Kubuka pintu kamarku
dengan kasar diikuti Lila yang hanya bisa menatap nasib pintu itu, pasrah. Menghempaskan
tubuh penatku di atas kasur, kuedarkan
pandanganku mengelilingi ruangan sederhana ini. Bahkan ruangan ini tiga kali
lebih sempit dari kamarku, bagaimana bisa aku sudah menempatinya selama hampir
dua tahun. Baru saja hendak memasuki alam mimpi, suara seseorang
membangunkanku. Kupikir itu Lila karena jika benar itu dia aku akan dengan
senang hati memarahinya.
“Mei, ada tamu
untukmu”, itu suara Liza, tetangga kamar yang sangat menyebalkan dengan hobinya
yang suka mengganggu ketenangan orang lain.
Kukumpulkan kesadaranku
sebelum menemui “tamuku” tadi.
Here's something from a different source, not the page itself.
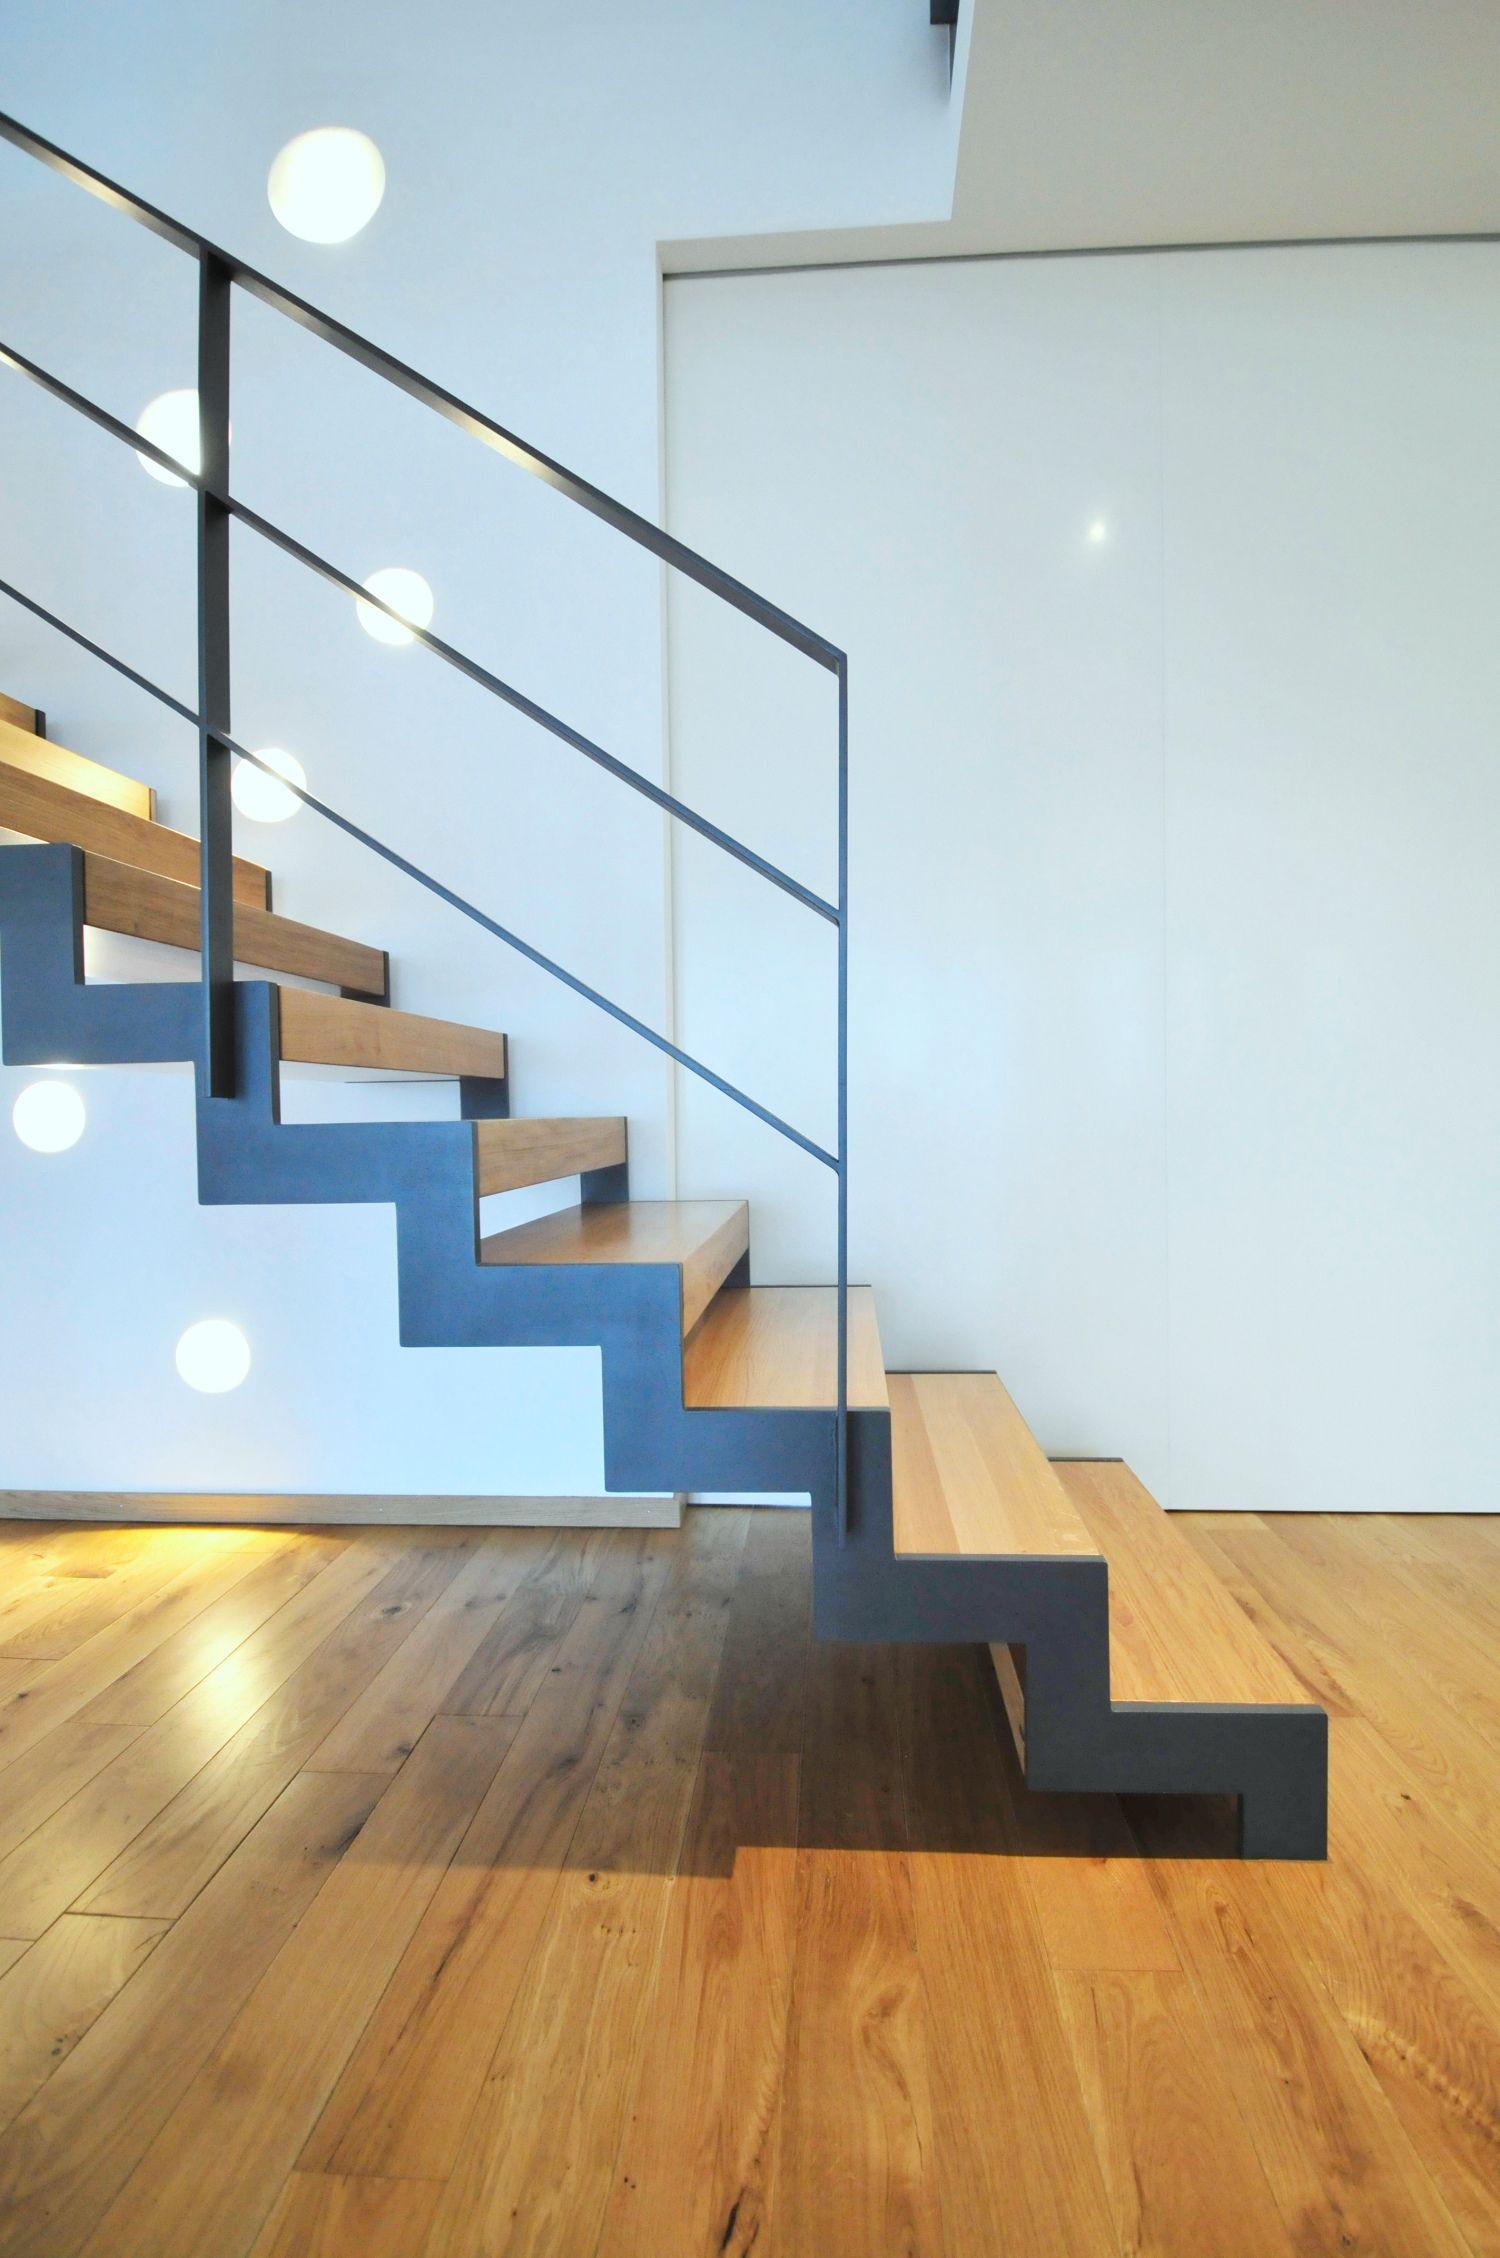 Stahltreppe 25-02-k … | Pinteres…

Mencoba menebak siapa yang datang kubuka jendela
kamar, ah mereka lagi. Kenapa mereka selalu datang ke sini, melihat mereka
hanya akan membuat luka lama itu kembali ternganga.
“Mei, temuilah mereka.
Sudah beberapa bulan ini kau tidak menemui mereka setiap mereka datang menjengukmu”,
Lila yang baru datang mencoba membujukku.
“Aku tidak mau, Lila.
Apa untungnya jika aku bertemu mereka, tidak ada, kan?”, tanpa memandang Lila
ucapan yang cukup pahit itu meluncur dari bibir mungilku.
Lila terdiam mencoba
memahami makna dari ucapanku, aku menatap pada senja yang belum juga hilang.
“Mai,
ke sini. Ayah punya mainan baru untukmu”, ucap sosok itu sambil terseyum
bangga. Gadis kecil yang dipanggil Mai itu hanya tersenyum, lalu menyerahkan mainan
yang baru ia terima kepada Mei, sosok yang begitu lembut dan pendiam yang
sedari tadi berdiri di sampingnya. Ya, Mai dan Mei, dua saudara kembar yang
tidak akan pernah bisa dipisahkan.
Lelaki
yang dipanggil “ayah” oleh Mai tadi hanya memandang Mei iba, ya dia melupakan
sosok mungil yang satu ini. Namun, entah mengapa terselip sebuah benci di
hatinya. Kasar, ia merebut mainan yang dipegang olehnya, Mei hanya diam dengan
mata yang mulai berkaca-kaca, tangisnya pecah. Tidak ada orang yang meredakan
tangisnya di sana, tidak ada bunda yang akan memeluknya. Ayah bilang Meilah
yang telah membunuh bunda.
Lelaki
itu menggendong Mai dan meninggalkannya, sendiri di taman kecil itu. Mei hanya
bisa menangis berharap sosok bunda yang ia rindukan akan datang menemuinya.
Tapi, sosok itu tidak pernah datang. Mei: Aku membencimu, Ayah!
Saat itu usiaku sudah
delapan tahun, pantas jika sampai sekarang rasa sakit itu masih mengakar sebab
aku pun tidak memiliki keinginan utnuk menghapus memori menyakitkan itu.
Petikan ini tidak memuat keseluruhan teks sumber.